There’s a certain amount of cognitive dissonance required in order to accept La Femme Nikita’s premise on its own terms. The series wants us to believe that clandestine intelligence agency / assassination bureau Section One is necessary in order to ensure the world’s safety, and that its work somehow justifies the monstrous way the group operates. At the same time, everything the series tells us about the Section suggests that such a claim isn’t factual. It obtains its “recruits” via kidnapping and dehumanization, which belies its alleged legitimacy—surely an above-board agency would be able to obtain agents some other, less illegal, way.

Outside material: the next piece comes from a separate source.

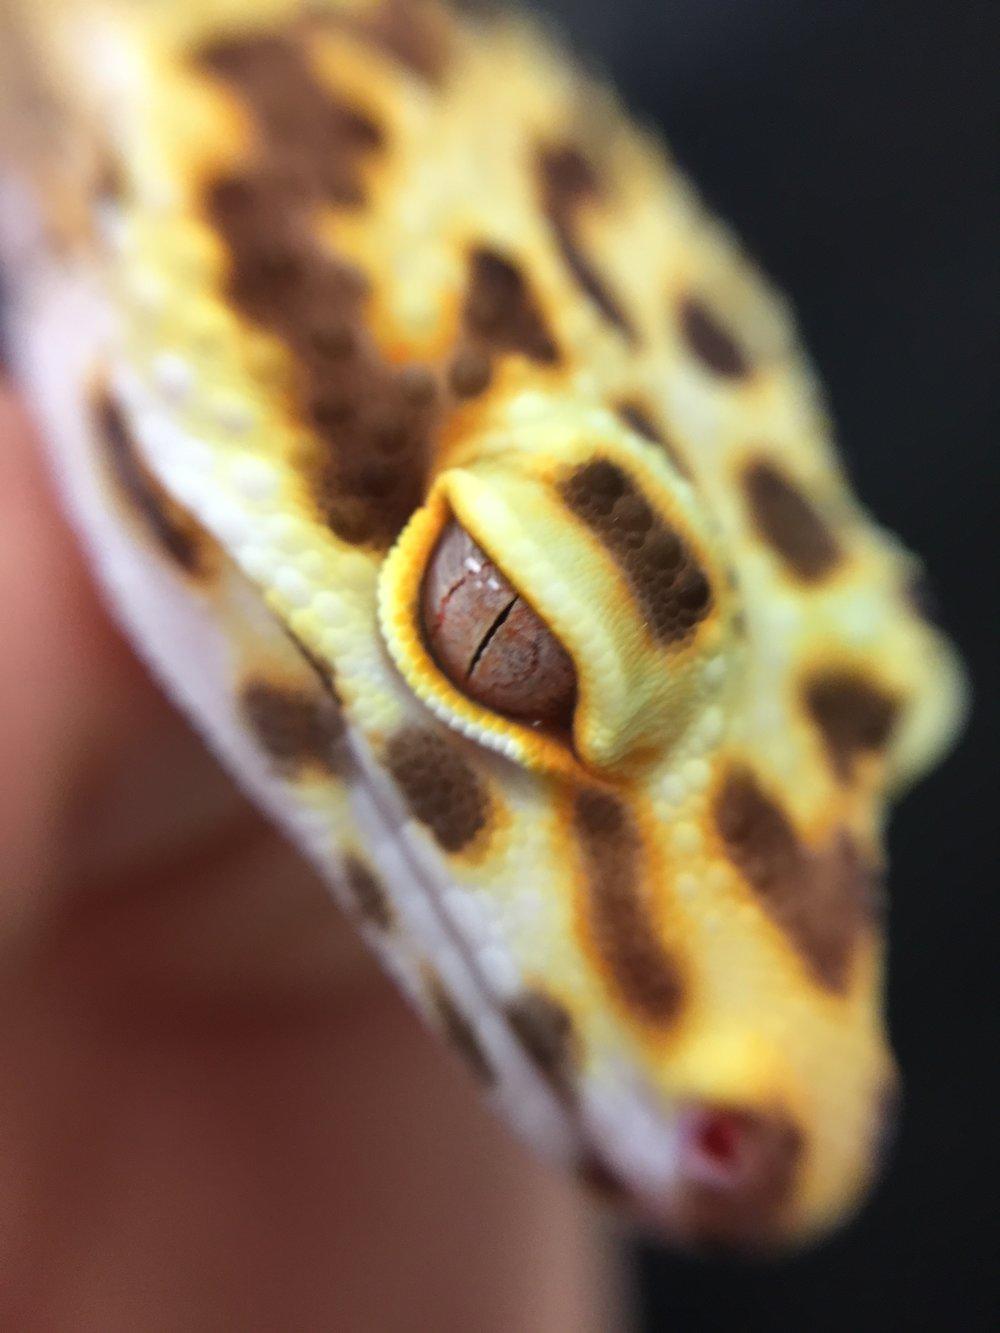 The eye of a tremper albino.
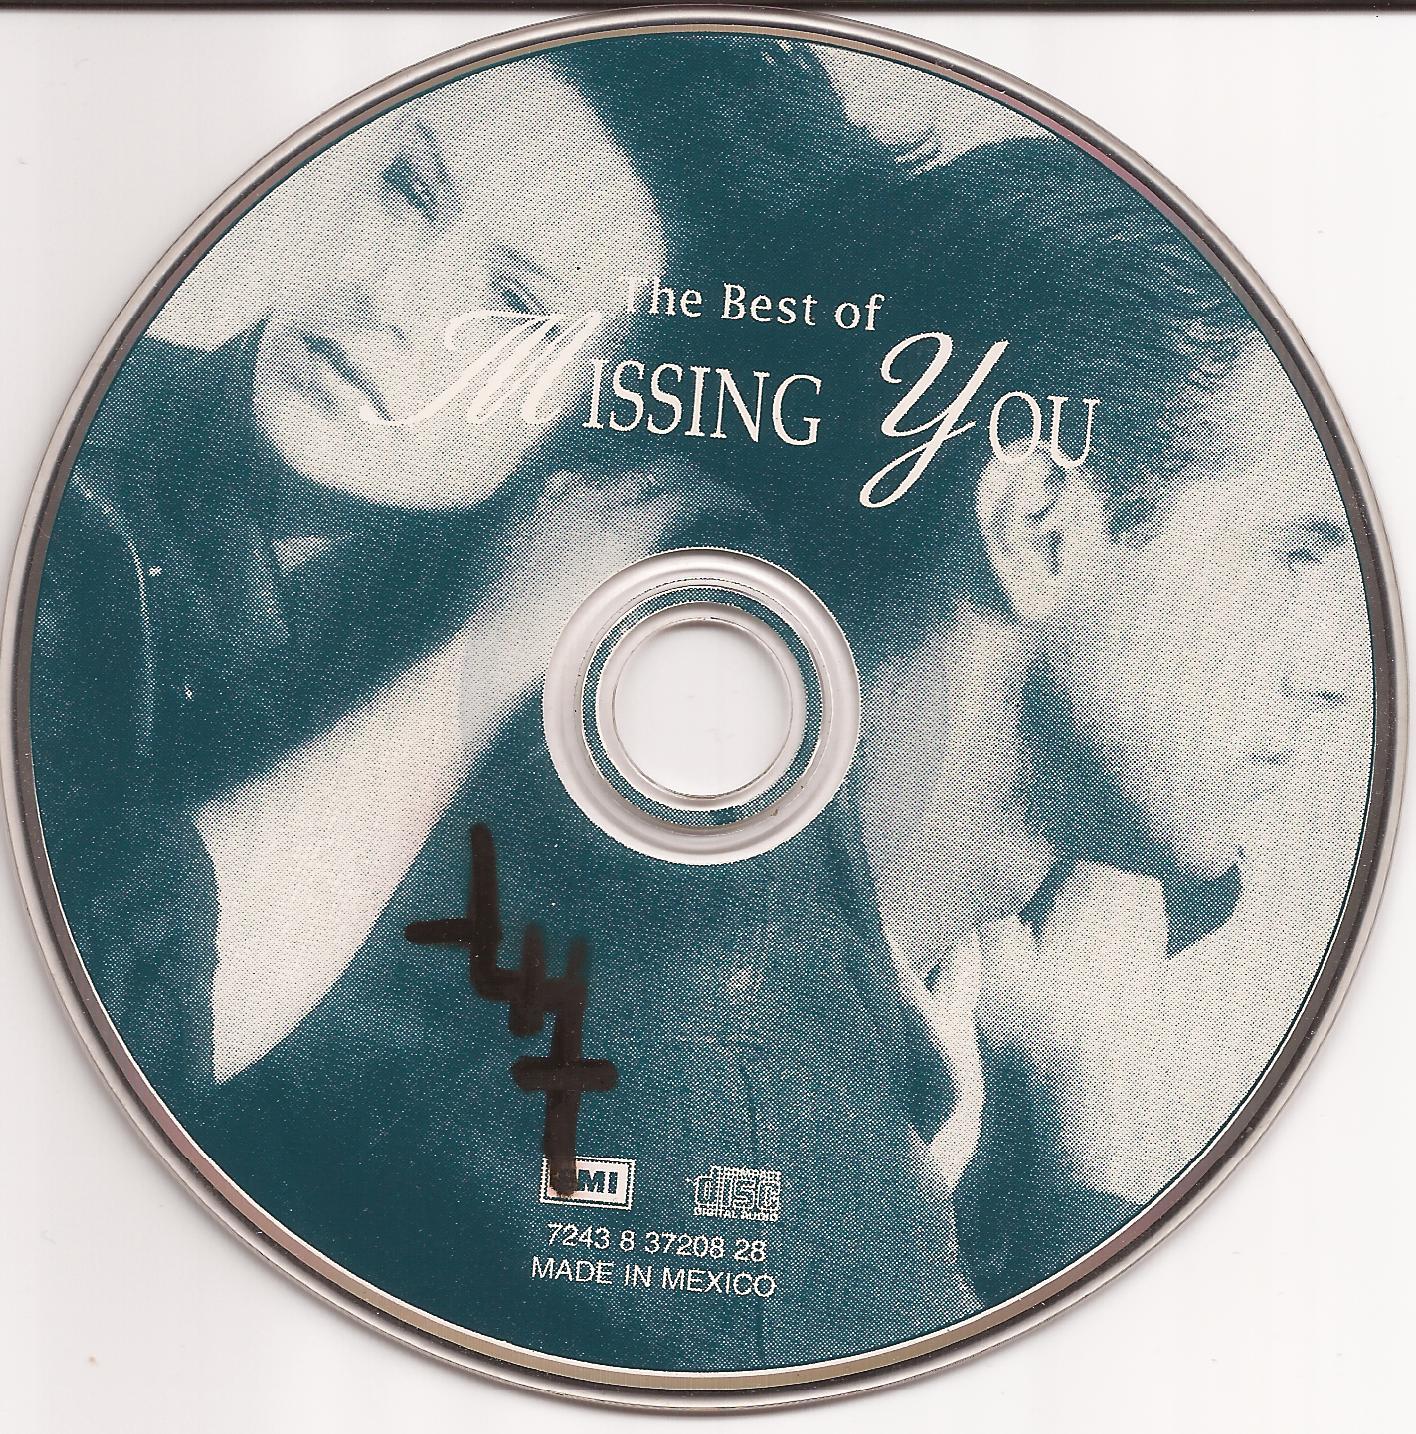 http://3.bp.blogspot.com/-yQLT5tEYO3Q/T3kMeaQ4W8I/AAAAAAAACQo/5GfUFJd-Wm0/s1600/Best+Of+Missing+You+cd.jpg

It lies to and manipulates its people constantly, not because of a need to keep information properly classified, but to keep them compliant. Its oversight appears to include no one connected to any government entity anywhere, or anyone who is themselves subject to oversight. And yet, in order for the series to work, one has to choose to disregard all of this, and believe that the Section lies about everything but is completely honest about its agenda.

It’s hard to understate how significant this is to the series. If the Section isn’t working for the greater good—if that claim is just another one of its countless lies—then the story simply falls apart. There’s no reason to care about Nikita’s fate, or to consider her anything other than a great big fool, in addition to an accomplice to continued abuse. And while mitigating factors exist due to her status as a prisoner and victim, those become much less mitigating once she manages to escape, scot-free, and then decides to return. Similarly, there’s no reason to wish for any of the characters to succeed. And while this element of uncertainty was always baked into the premise’s cake—there is every reason to be just as skeptical of the agency in Luc Besson’s original film—that original version manages to get away with it because Anne Parillaud’s Nikita, by and large, doesn’t care about what she does except insofar as it affects her. It is only in the TV series, where the agency and its manipulation of Nikita (Peta Wilson) became central, that its role in the world becomes truly relevant. And yet, the show proves ambivalent at best on this point, seeming uninterested in providing evidence about the good the Section allegedly does. The largely episodic and insular storytelling makes it hard to get a bead on the long-term consequences of the Section’s actions, and the vague world-building—to the point where the Section doesn’t defend any one nation, but rather «the West»—makes it impossible to determine with precision whose interests the Section is supposed to be aligned with, leaving us only with the assertions of proven manipulators with no incentive to tell the truth. How can we trust then, that the people behind Section One aren’t simply using their people for their own personal gain?  So important is this question, that J.J. Abrams, intentionally or not, based half the initial premise of Alias on it.